The neural basis of semantic memory is tough to isolate to a single brain region, perhaps because the remembered concepts span a wide range of features and modalities. For example, semantic memory can encode the call of a mockingbird, the sight of a German Shephard, and the definition of a vector space in linear algebra. Each of these modalities – sound, sight, and abstract idea – has its own associated perceptual and imagery-associated regions, which should understandably be involved in encoding such memories to avoid redundancy. Assuming this to be true leaves two possibilities: either semantic memory is a distributed process across a variety of brain regions, or it depends on a brain region to centrally coordinate the encoding of memories.
In a 2007 review, Patterson and colleagues investigated this very question by considering patients with semantic dementia – a neurodegenerative disorder causing the degradation of semantic memory [2]. They observe that semantic dementia almost always cooccurred with damage to the anterior temporal lobe (ATL), implying that it might be a hub for semantic memory. Moreover, the region is conveniently located between sensorimotor areas, episodic memory areas in the medial temporal lobe, and limbic areas, making it an ideal location for an amodal hub combining sensorimotor, event-related, and affective information. However, they noted that neuroimaging evidence, due to technological limitations at the time, had yet to yield definitive evidence.
In contrast to Patterson’s point of view, a 2011 review by Binder and Desai argued that the anterior temporal lobe is not a hub for semantic memory – they say the dementia evidence is inconclusive [3]. Instead, they promote a view in which perceptual networks, such as visual and auditory processing systems, function as the modality-specific portions of semantic memory, and conceptual memory functions through the progressive abstraction and association of these multimodal networks. They call their view “embodied abstraction,” to reflect that semantic memory is better thought of as an abstraction layer over perceptual networks as opposed to a separate representation system. As an extension of this view, Binder offers the idea of “convergence zones” that connect sensory modalities, which in practice seems to differ from the ATL-hub view both in implicating different brain regions and grounding representations in their sensorimotor modalities [4]. Taking the search for embodied abstractions yet further, Huth and co-authors identified a consistent functional mapping, in which the same brain areas correspond to the same kinds of semantic concepts across individuals [5]. Continued refinement of this “semantic atlas,” especially in clarifying the role of brain areas currently assumed to be functionally homogenous, could yield evidence of convergence zones specific to different kinds of concepts.
But what can these neuroimaging and lesion studies say about the underlying structure – that is, the computational structure – of memory and learning?
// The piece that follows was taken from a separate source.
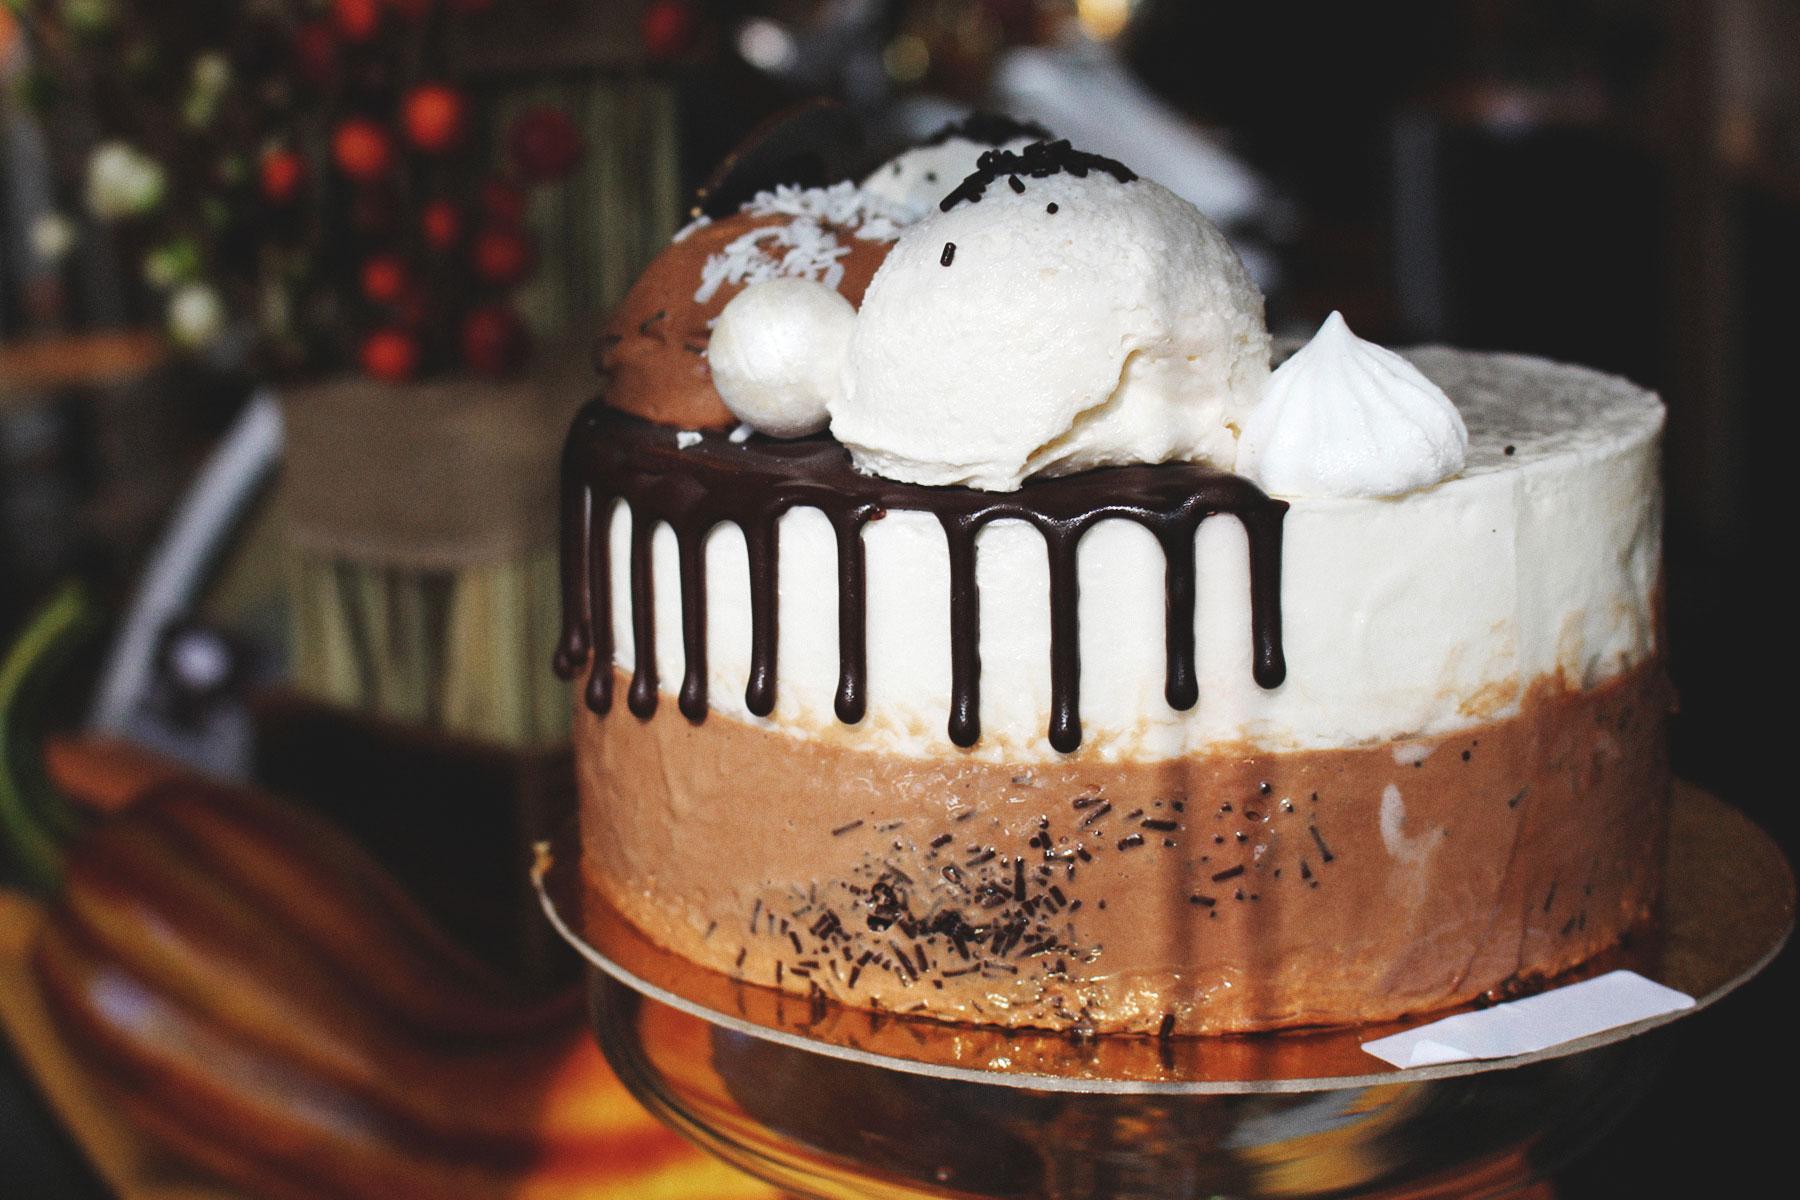 chocolate and vanilla gelato cake
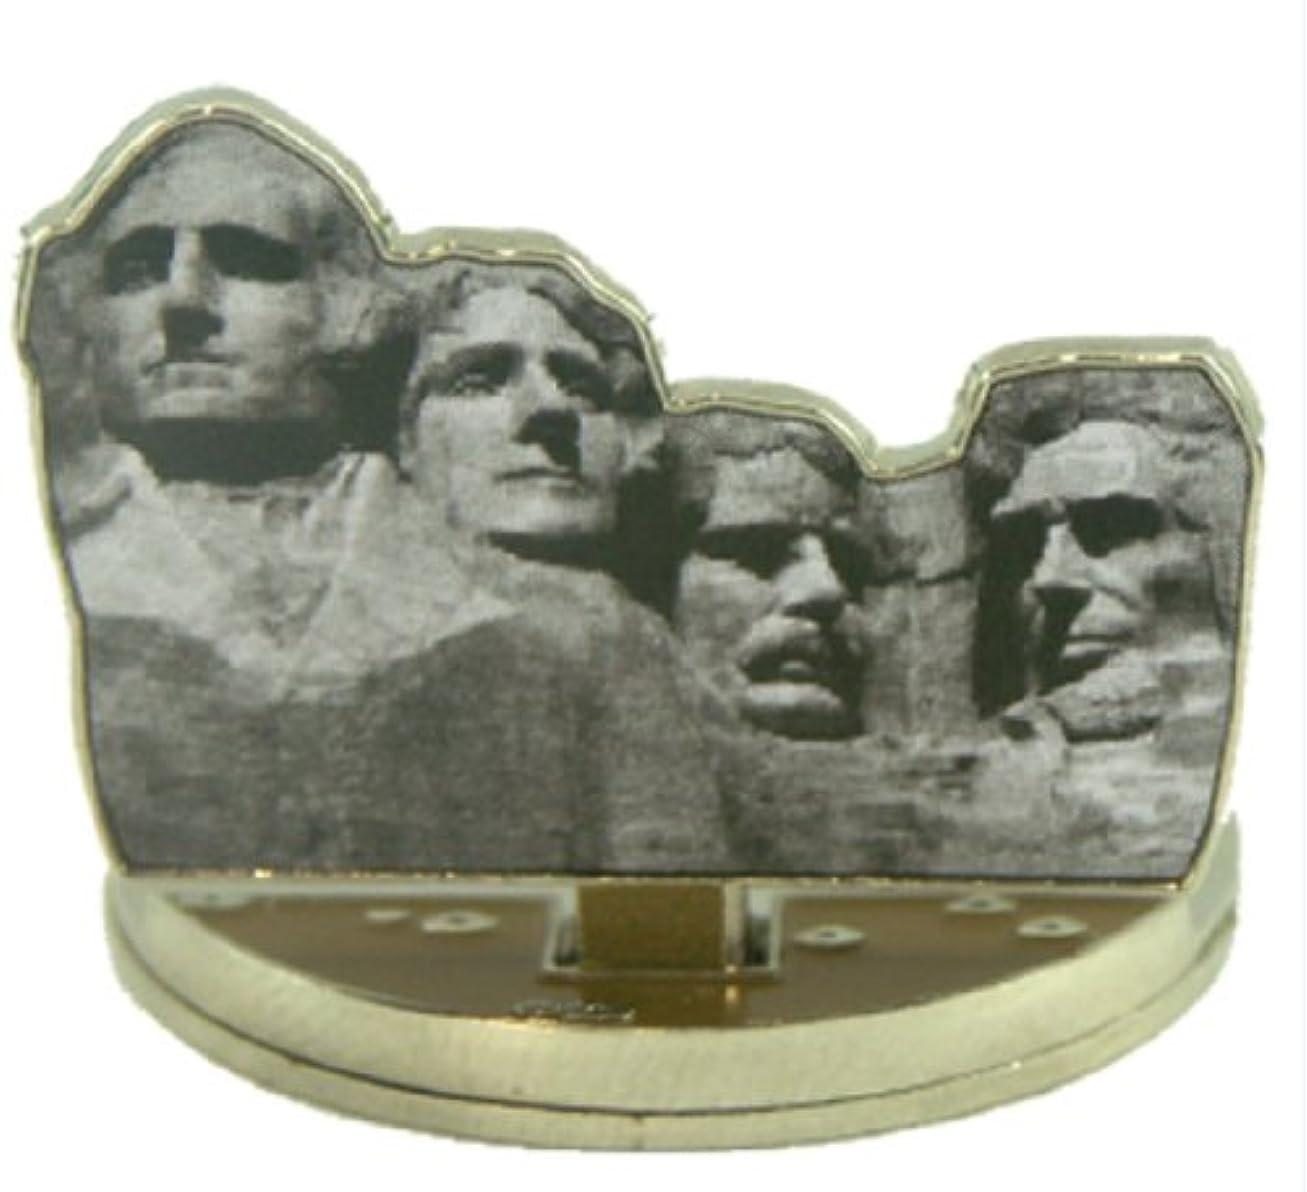 不良蒸し器露骨なホクシン交易 Mt. ラッシュモア 直立マーカー W09FUM0128

For this, we need computational models to explain the behavioral and neural evidence. As Kumar describes in a 2021 review, semantic memory models broadly fall into three categories: associative, distributional, and feature-based models. Associative models see memory as a graph, in which concepts are nodes and relations between concepts are edges. For example, if a person knows that a bird is an animal, the nodes for “animal” and “bird” might be connected by a “is-a” relationship, because a bird is an animal [6]. In support of this view, people seemed to take more time to process deeper hierarchical relationships, which is explained well by graph traversal. Feature-based models imagine that concepts are encoded as combinations of features – for example, one person’s model might encode that a bird is a thing that moves and has feathers and wings. An animal is a thing that moves. Therefore, a bird is an animal because it overlaps in that feature. While associative models are effective for explaining relationship memory, feature-based models are more effective for explaining object recognition. However, as Kumar notes, both models lack a plausible method for learning. This is where distributional semantic models (DSMs) excel. DSMs are trained to learn distributions of semantic information in the real world, most commonly distributions of words. The simplest versions of distributional semantic models are cooccurrence matrices, which increment a counter whenever two words are seen in the same sentence. For example, “dog” and “cat” often appear in similar contexts, so their cooccurrence vectors would encode their similarity. While many related words don’t ever cooccur and cooccurrence fails to capture word order, more sophisticated DSMs can also account these issues using techniques like neural networks and positional encoding. In fact, the transformer, the underlying architecture of GPT-4 and other language models, can also be considered a DSM. One critique of DSMs is that they step away from biological plausibility by training upon terabytes of text-only data. However, it seems like ongoing research in multimodal and low-resource models should make DSMs ever more plausible in modelling both learning and memory.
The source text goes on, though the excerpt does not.